The horse spoke: “I am The Only One.
The emptiness that rode me I have thrown.
This is my stable. I am growing quietly.
And I eat the silence that’s in here.”
Syros
In Syros harbor leftover cargo steamers lay waiting.
Prow by prow by prow. Moored many years since:
CAPE RION, Monrovia.
KRITOS, Andros.
SCOTIA, Panama.
Dark pictures on the water, they have been hung away.
Like toys from our childhood that have grown to giants
and accuse us
of what we never became.
XELATROS, Pireus.
CASSIOPEIA, Monrovia.
The sea has read them through.
But the first time we came to Syros, it was at night,
we saw prow by prow by prow in the moonlight and thought:
What a mighty fleet, magnificent connections.
In the Nile Delta
The young wife wept over her food
in the hotel after a day in the city
where she saw the sick creep and huddle
and children bound to die of want.
She and her husband went to their room.
Sprinkled water to settle the dirt.
Lay on their separate beds with few words.

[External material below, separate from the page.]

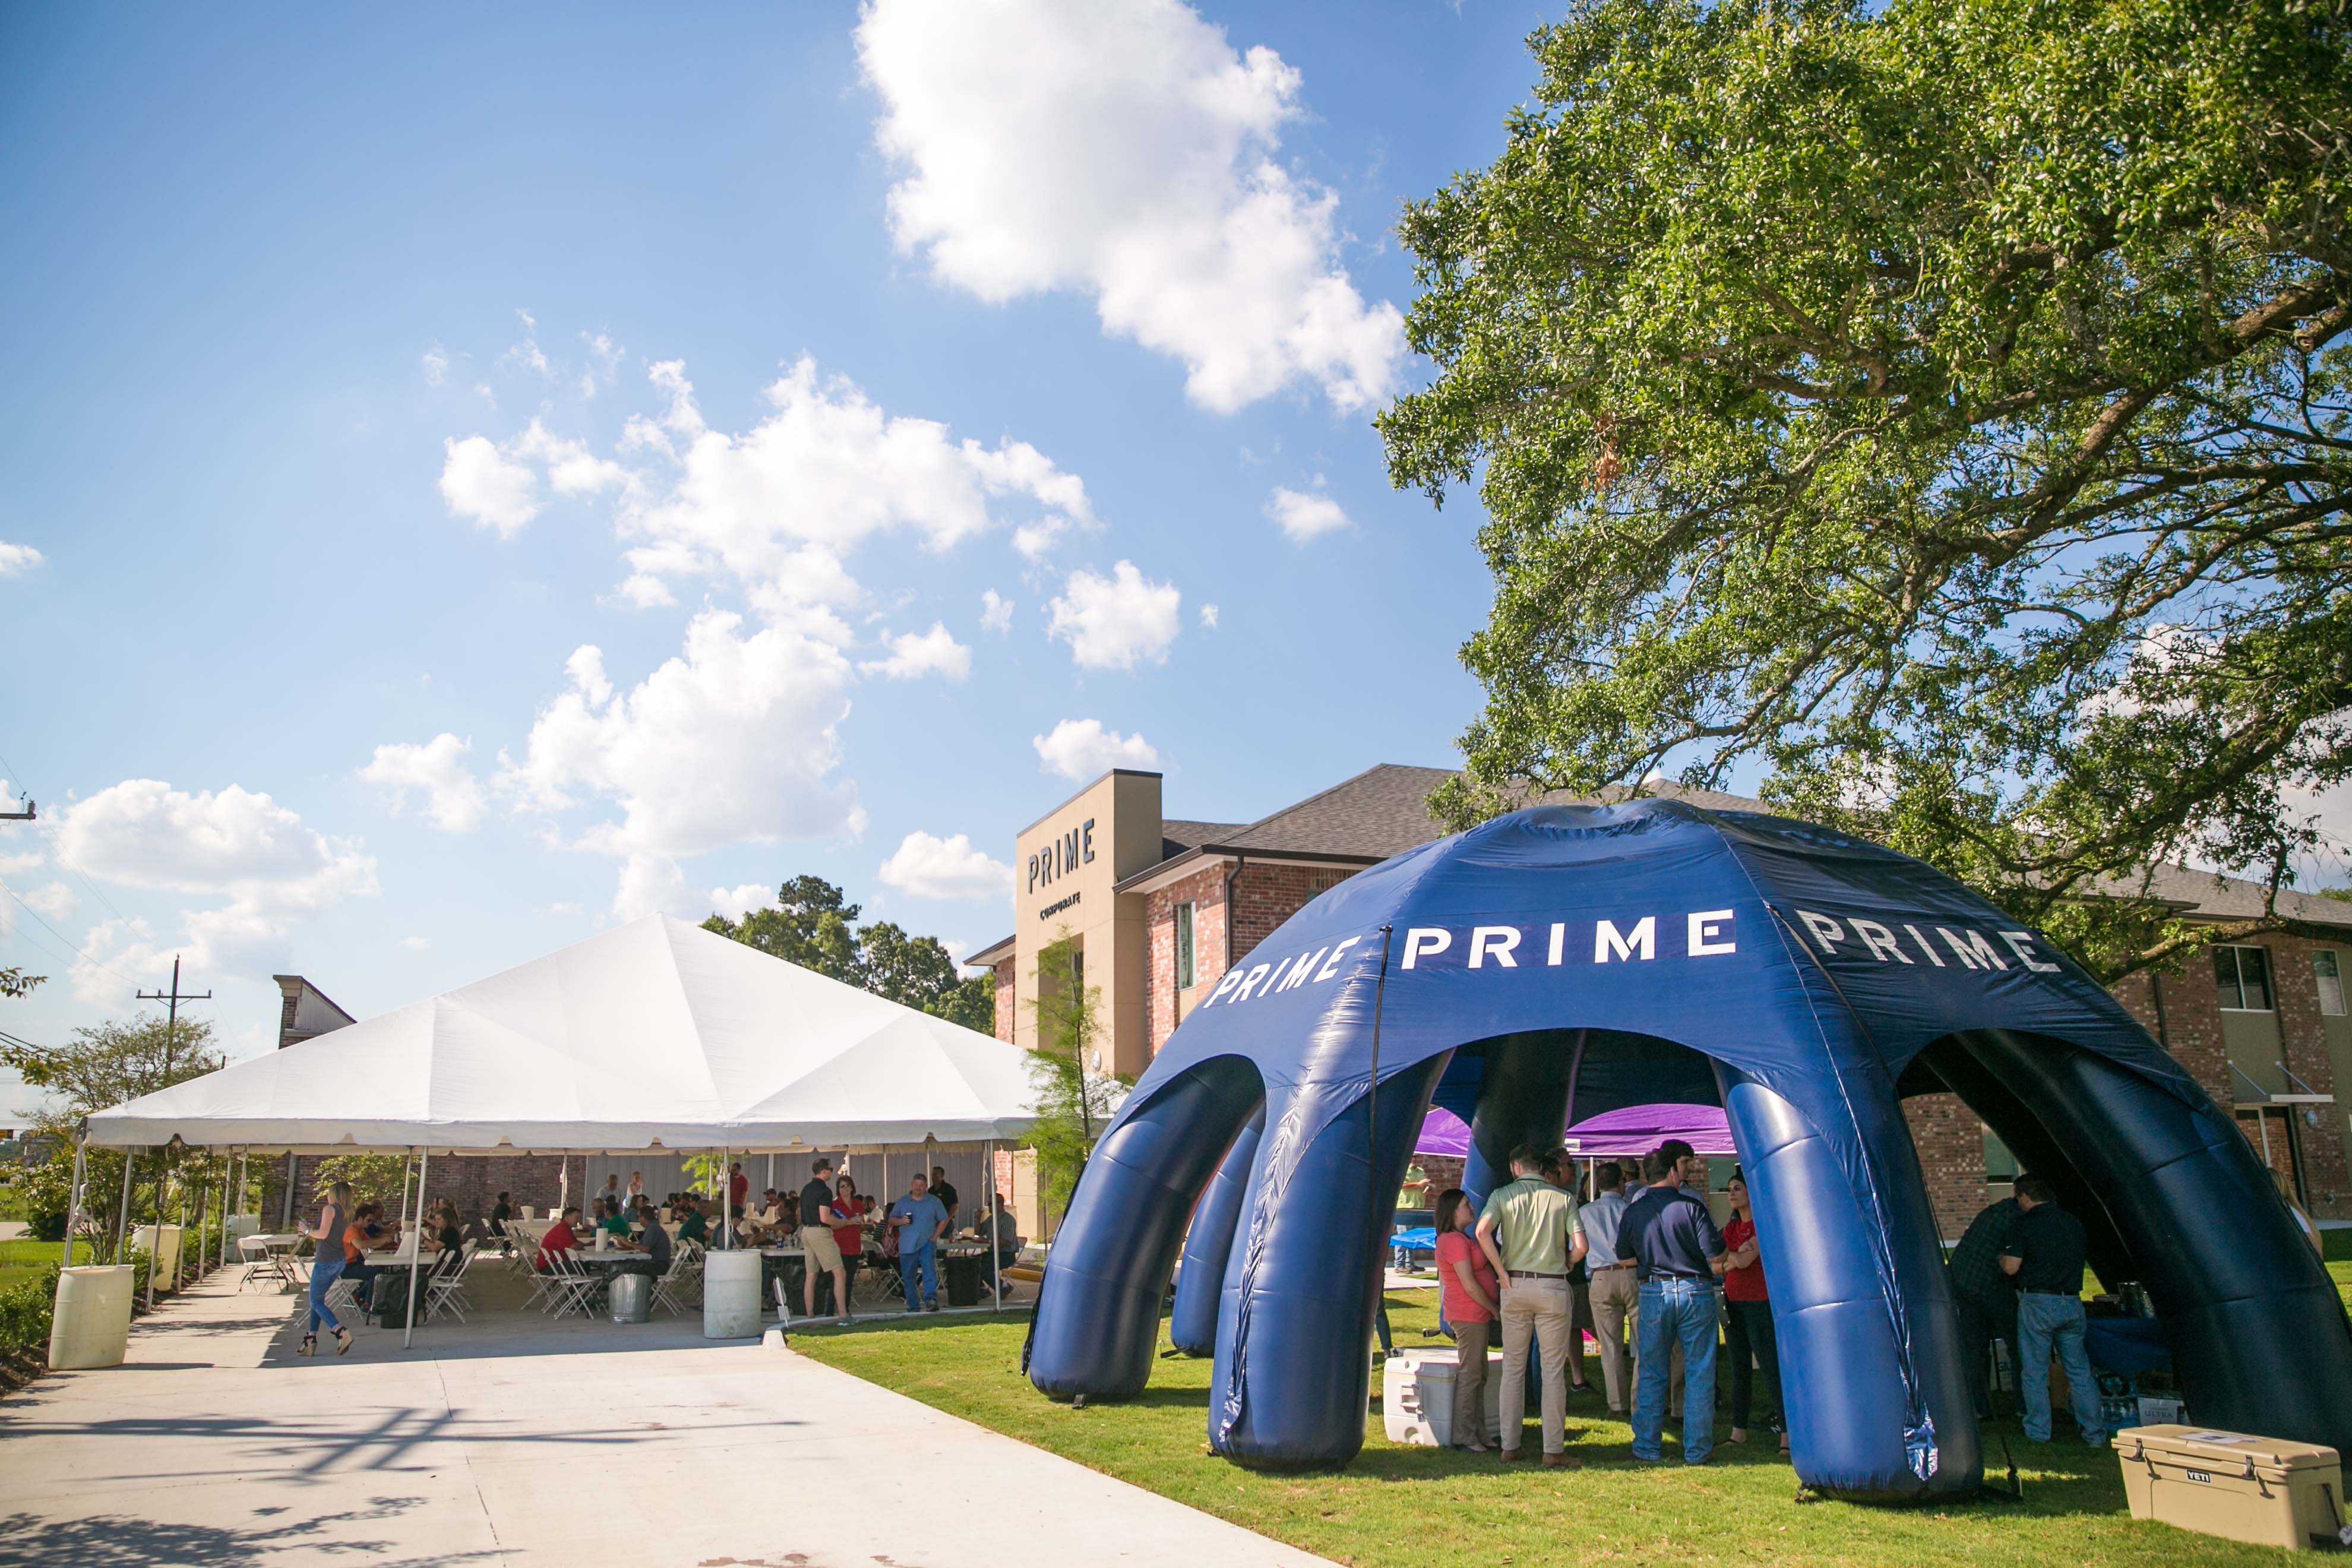 PRIME Celebrates its 25th Anniversary

She fell in a deep sleep. He lay awake.
Out in the darkness a great noise ran past.
Murmurs, tramping, cries, carts, songs.
All in want. Never came to a stop.
And he sank in sleep curled in a No.
A dream came. He was on a voyage.
In the grey water a movement swirled
and a voice said: “There is one who is good.

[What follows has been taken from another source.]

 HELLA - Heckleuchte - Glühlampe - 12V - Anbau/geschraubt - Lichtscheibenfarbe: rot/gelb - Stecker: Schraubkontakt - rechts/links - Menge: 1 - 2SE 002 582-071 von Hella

There is one who can see all without hating.”
• V •
A Dark Swimming Figure
About a prehistoric painting
on a rock in the Sahara:
a dark swimming figure
in an old river which is young.
Without weapons or strategy,
neither at rest nor quick,
and cut from his own shadow
gliding on the bed of the stream.
He struggled to make himself free
from a slumbering green picture,
to come at last to the shore
and be one with his own shadow.
Lament
He laid aside his pen.
It rests still on the table.
It rests still in the empty room.
He laid aside his pen.
Too much that can neither be written nor kept silent!
He is paralyzed by something happening far away
although the wonderful traveling bag throbs like a heart.
Outside it is early summer.
Whistlings from the greenery—men or birds?
And cherry trees in bloom embrace the trucks that have come home.
Weeks go by.
Night comes slowly.
The moths settle on the windowpane:
small pale telegrams from the world.
Allegro
I play Haydn after a black day
and feel a simple warmth in my hands.
The keys are willing. Soft hammers strike.
The resonance green, lively, and calm.
The music says freedom exists
and someone doesn’t pay the emperor tax.
I push down my hands in my Haydnpockets
and imitate a person looking on the world calmly.
I hoist the Haydnflag—it signifies:
“We don’t give in. But want peace.”
The music is a glasshouse on the slope
where the stones fly, the stones roll.
And the stones roll right through
but each pane stays whole.
The Half-Finished Heaven
Despondency breaks off its course.r />
Anguish breaks off its course.
The vulture breaks off its flight.
The eager light streams out,
even the ghosts take a draft.
And our paintings see daylight,
our red beasts of the Ice Age studios.
Everything begins to look around.
We walk in the sun in hundreds.
Each man is a half-open door
leading to a room for everyone.
The endless ground under us.
The water is shining among the trees.
The lake is a window into the earth.
Nocturne
I drive through a village at night, the houses rise up
in the glare of my headlights—they’re awake, want to drink.
Houses, barns, signs, abandoned vehicles—now
they clothe themselves in Life. —The people are sleeping:
some can sleep peacefully, others have drawn features
as if training hard for eternity.
They don’t dare let go though their sleep is heavy.
They rest like lowered crossing barriers when the mystery draws past.
Outside the village the road stretches far among the forest trees.
And the trees the trees keeping silence in concord with each other.
They have a theatrical color, like firelight.
How distinct each leaf! They follow me home.
I lie down to sleep, I see strange pictures
and signs scribbling themselves behind my eyelids
on the wall of the dark. Into the slit between wakefulness and dream
a large letter tries to push itself in vain.
A Winter Night
The storm puts its mouth to the house
and blows to produce a note.
I sleep uneasily, turn, with shut eyes
read the storm’s text.
But the child’s eyes are large in the dark
and for the child the storm howls.
Both are fond of lamps that swing.
Both are halfway toward speech.
The storm has childish hands and wings.